Red wine polyphenols have been reported to possess beneficial properties for preventing cardiovascular diseases but their neuroprotective effects during chronic L-NAME treatment have not been elucidated. The aim of this study was to analyze a time course of Provinols
TM effects on brain NO synthase activity and oxidative damage in L-NAME-induced hypertension. Male Wistar rats, 12 weeks old, were divided into six groups: control groups, groups treated with N G-nitro-L-arginine methyl ester (L-NAME, 40 mg/kg/day) for 4 or 7 weeks and groups receiving ProvinolsTM (40 mg/kg/day) plus L-NAME for 4 or 7 weeks. At the end of the treatment, marker of membrane oxidative damage – conjugated dienes (CD) in the brain and NO synthase activity in the cerebral cortex, cerebellum and brainstem were determined.
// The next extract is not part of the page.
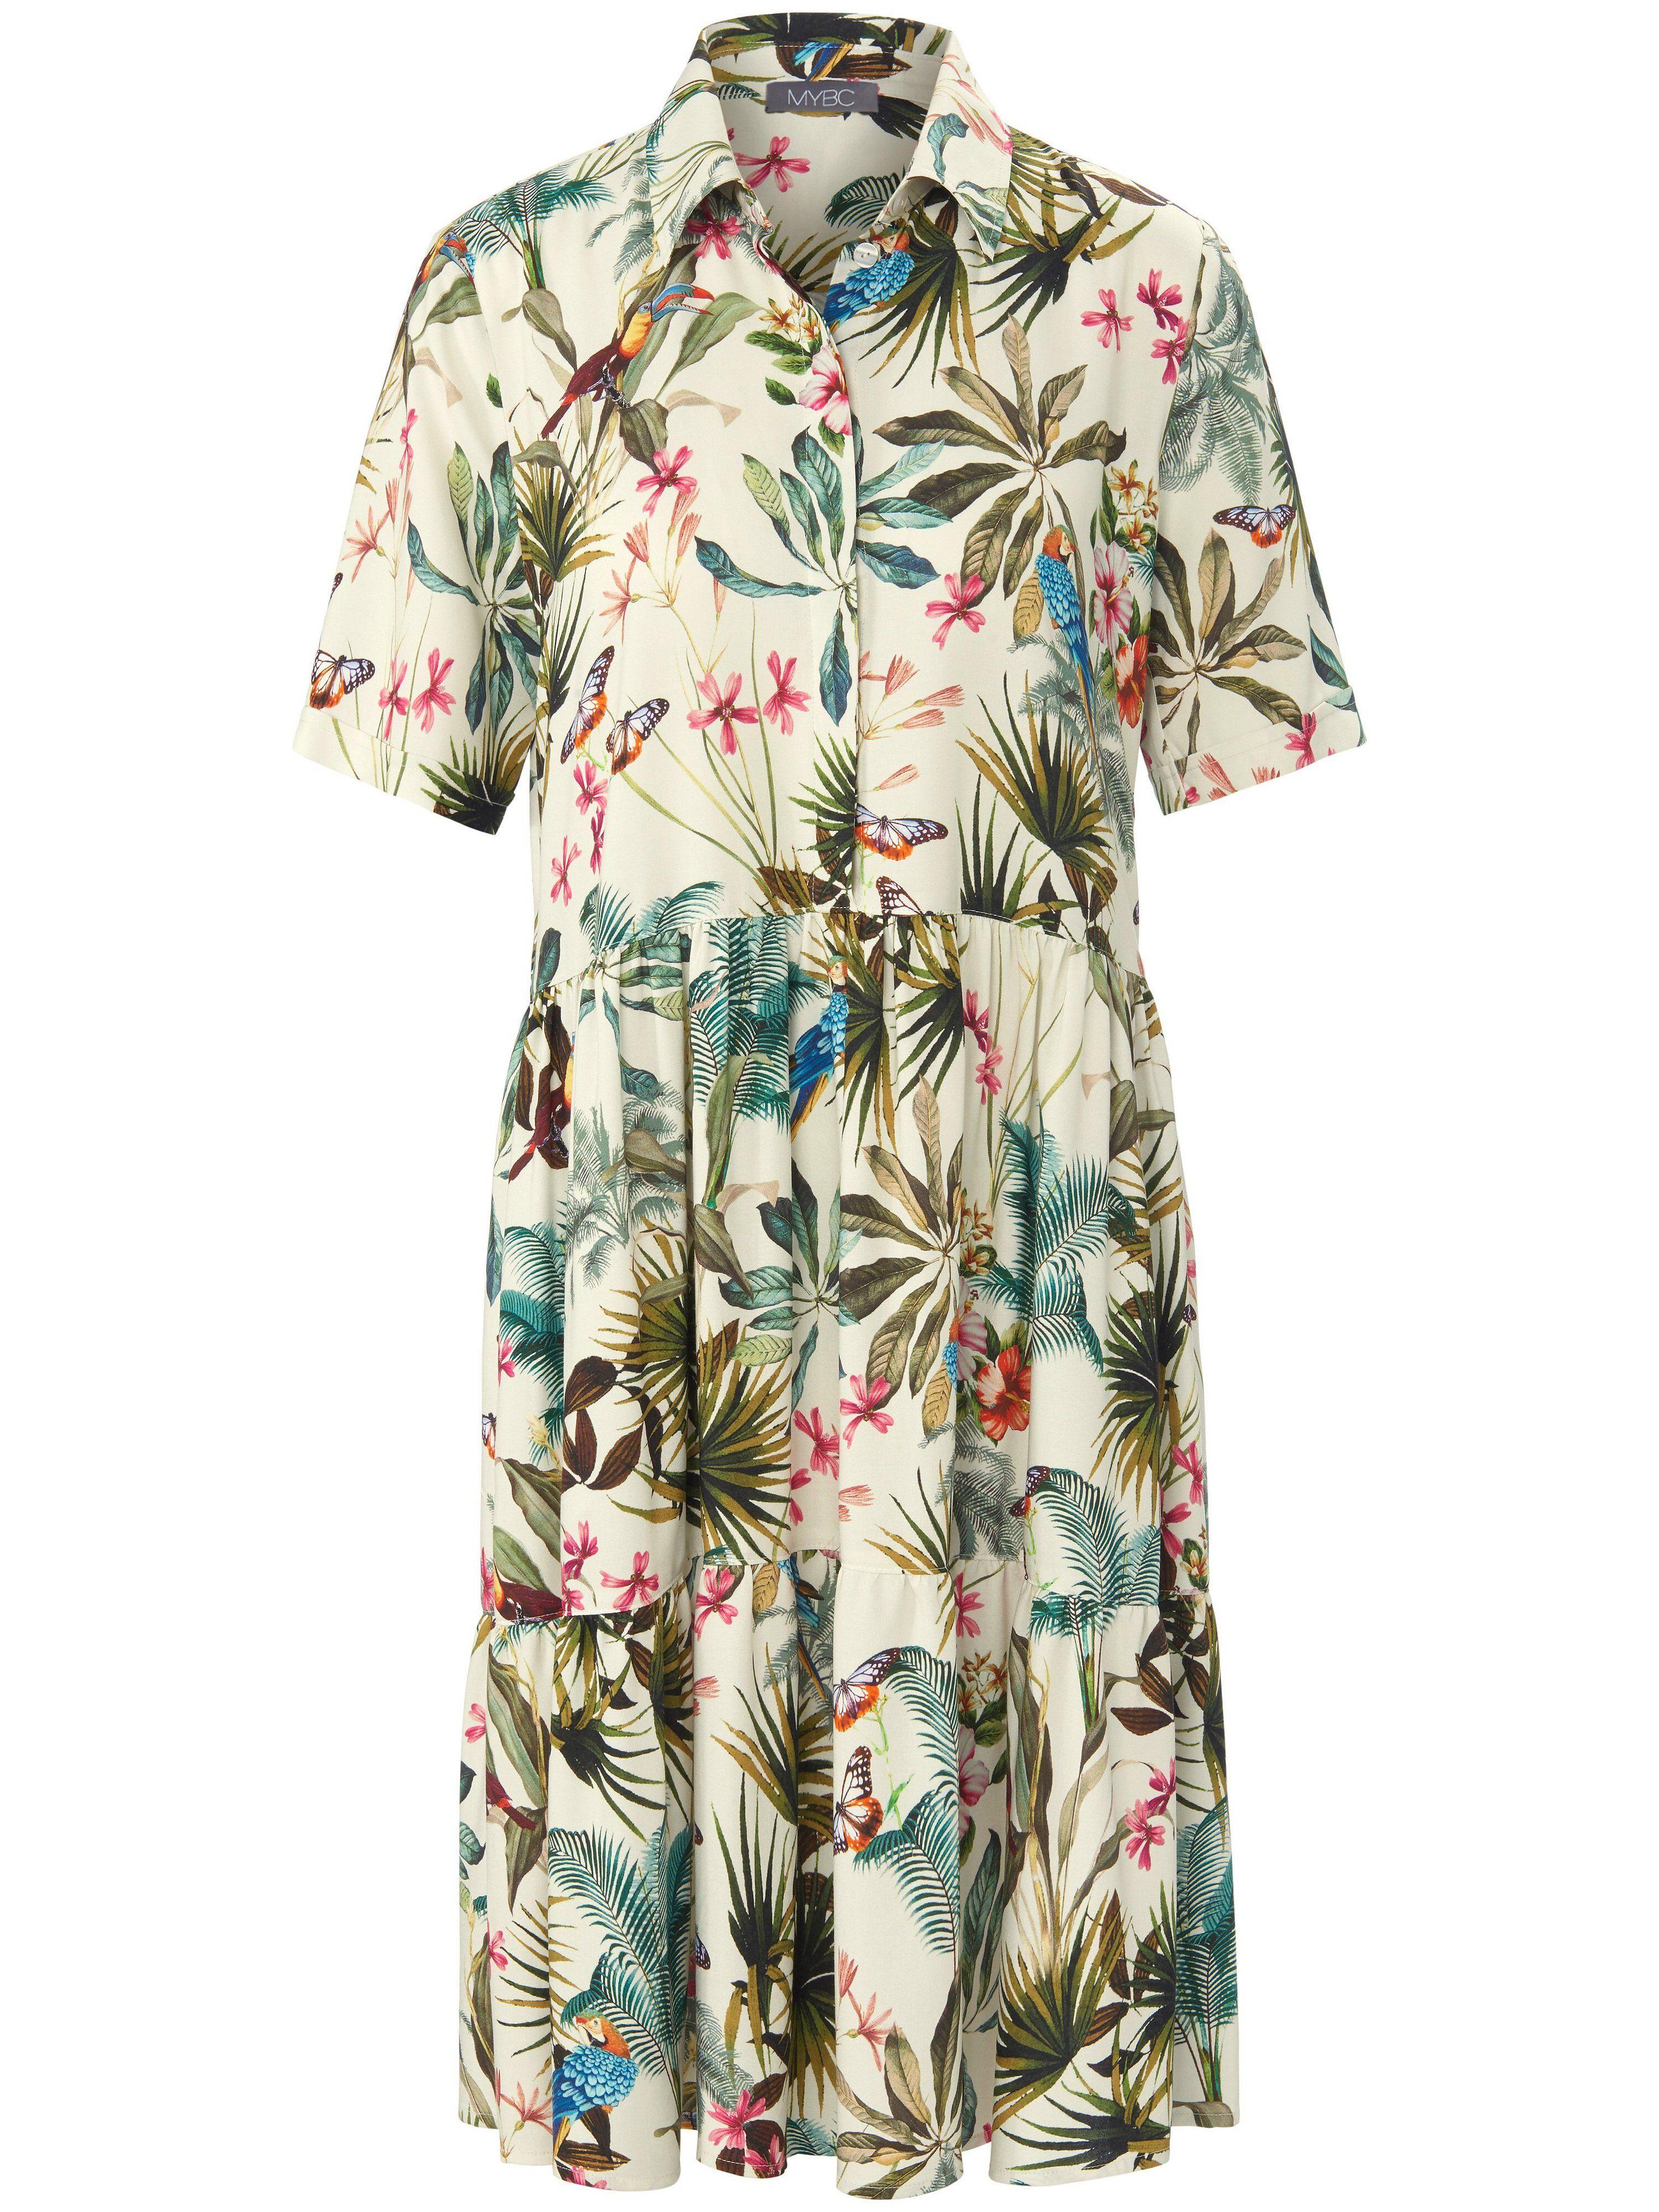 MYBC La robe ligne fluide  MYBC multicolore  - Femme - 38

L-NAME treatment for 4 or 7 weeks led to the increase in blood pressure, elevation of CD concentration and decrease of NO synthase activity in the brain parts investigated. ProvinolsTM partially prevented blood pressure rise and elevation of CD concentration. Comparing to the L-NAME treated group, ProvinolsTM increased NO synthase activity after 4 weeks of treatment. However, the prolonged ProvinolsTM treatment for 7 weeks had no effect on NO synthase activity decreased by L-NAME treatment. In conclusion, ProvinolsTM partially prevents L-NAME induced hypertension via
the different mechanisms depending on the duration of treatment. Prevention of oxidative damage in the brain with modulating effect on NO synthase activity is suggested.